While I disagree with many of his policy positions, one of Utah’s United States senators appears interested in governing and within the existing political institutions he swore to defend. Some States aren’t so lucky.
Utah’s current United States Senators Mitt Romney and Mike Lee were born into unimaginable legal, political, and financial advantage. Before them lay red carpets of infinite length, and each continues life’s journey through doors of privilege open wide to them.
As similar as these men are, however, they have at least one important distinction.

One supports and reinforces the advancement of liberal democracy. He sustains the integrity of political institutions that accommodate engagement in open debate over policy differences, even at the risk of losing. In other words, one Utah senator honors the oath he swore to protect and defend the Constitution and even took seriously the oaths he swore as a judge in two impeachment trials.

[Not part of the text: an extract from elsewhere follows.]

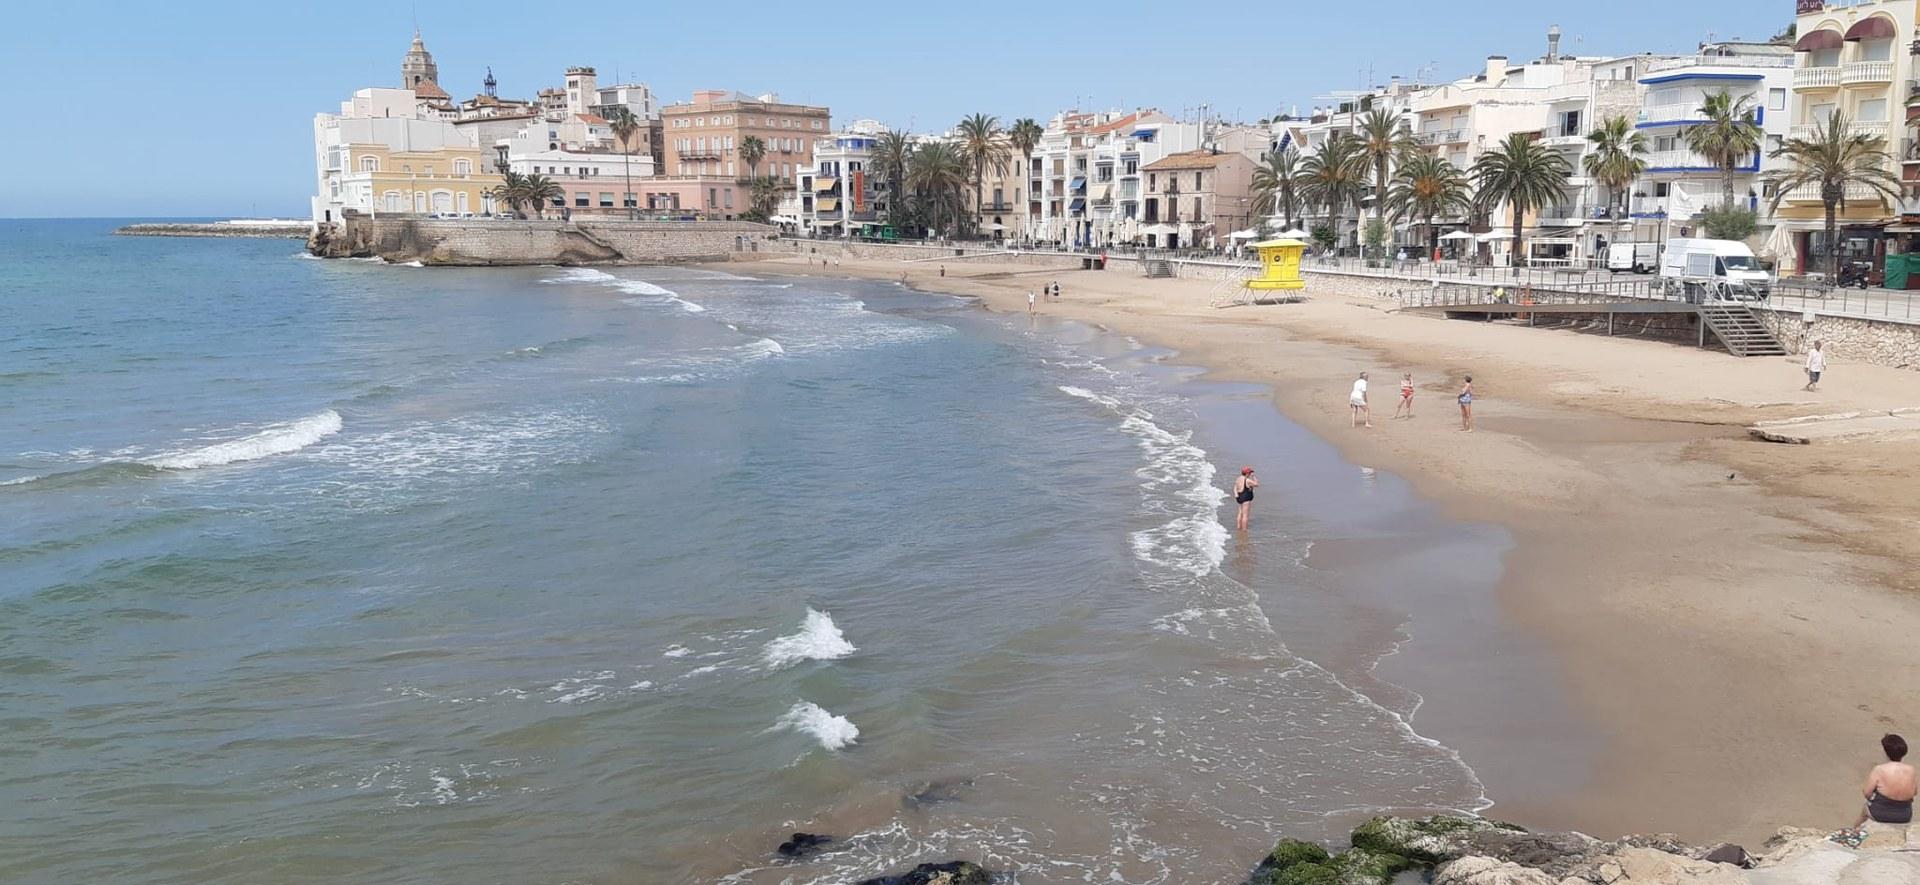 El terme municipal de Sitges, a excepció del nucli de Les Botigues, passarà a la fase 2 a partir de dilluns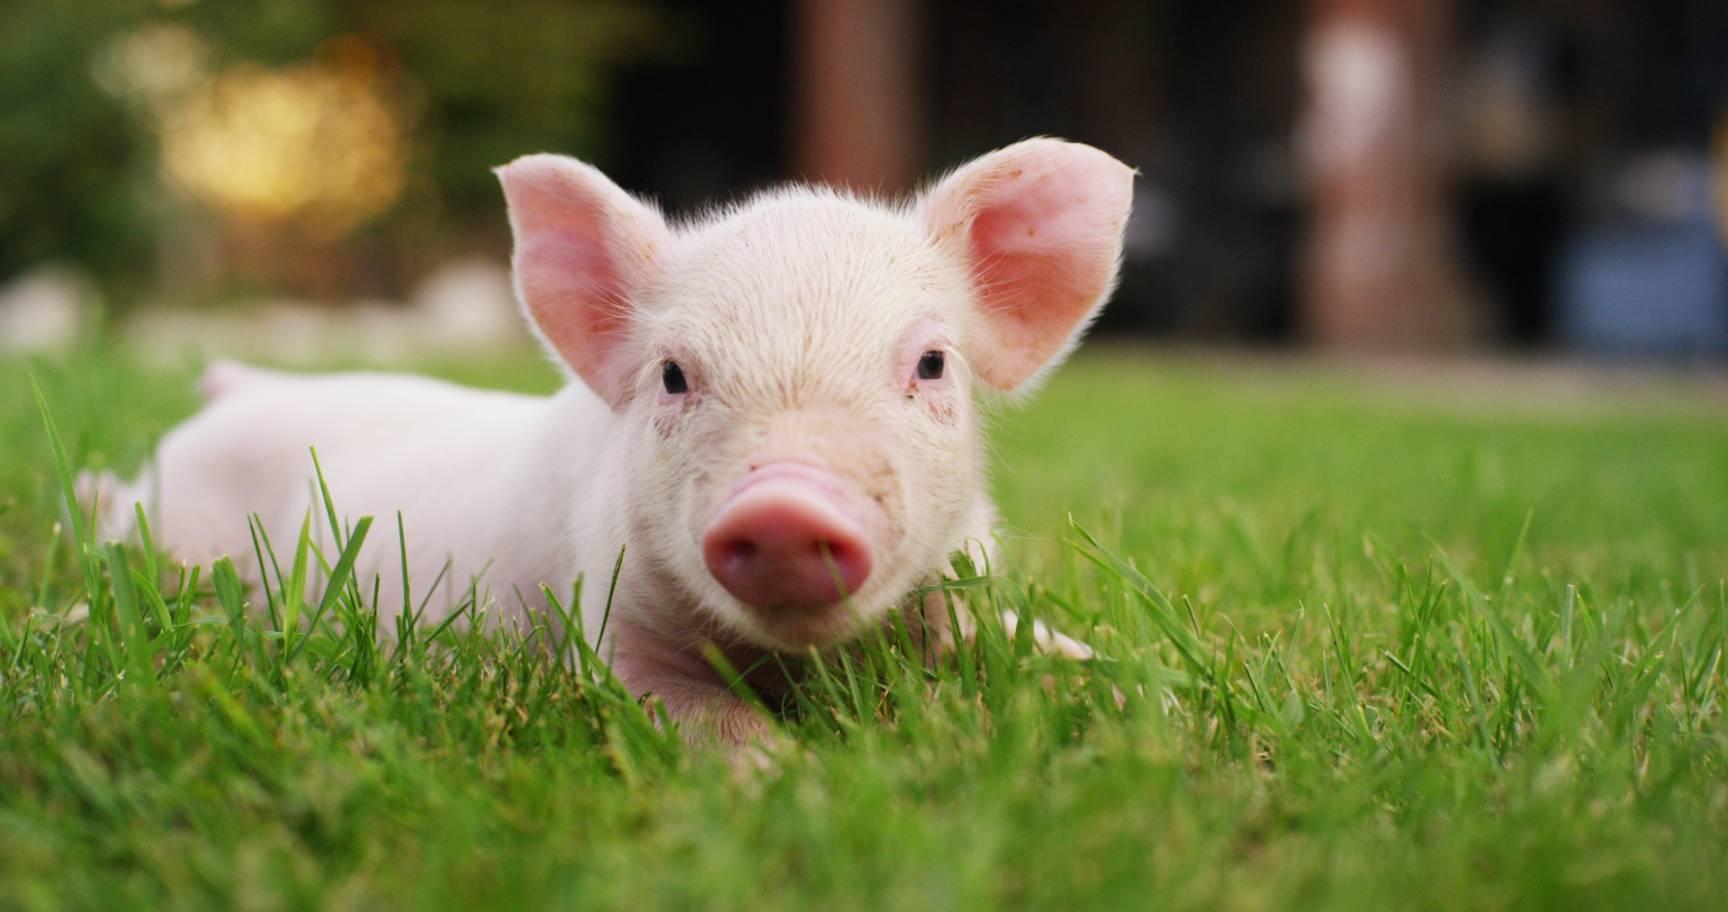 Malutka różowa świnka leży na zielonej trawie. Dlaczego warto zostać wegetarianinem?

The other does not. And did not. He and others like him “don’t want to engage if it places them at risk of losing a fair fight. Their sights are on the power to control who votes, which they conspire to seize in authoritarian fashion while giving elections an imprimatur of legitimacy. They have set out to destroy the institutions of government under facades draped with the rule of law and patriotism.” Utah Senator Mike Lee Is Among The Most Dangerous Enemies Of The United States.
George Will sees in Senator Romney another characteristic that distinguishes him from many of his colleagues in the Senate. Will opines that “[o]ne of today’s exemplary senators, Mitt Romney, surely is such partly because, his presidential ambitions retired, he nevertheless wants to be a senator.” Amend the Constitution to bar senators from the presidency.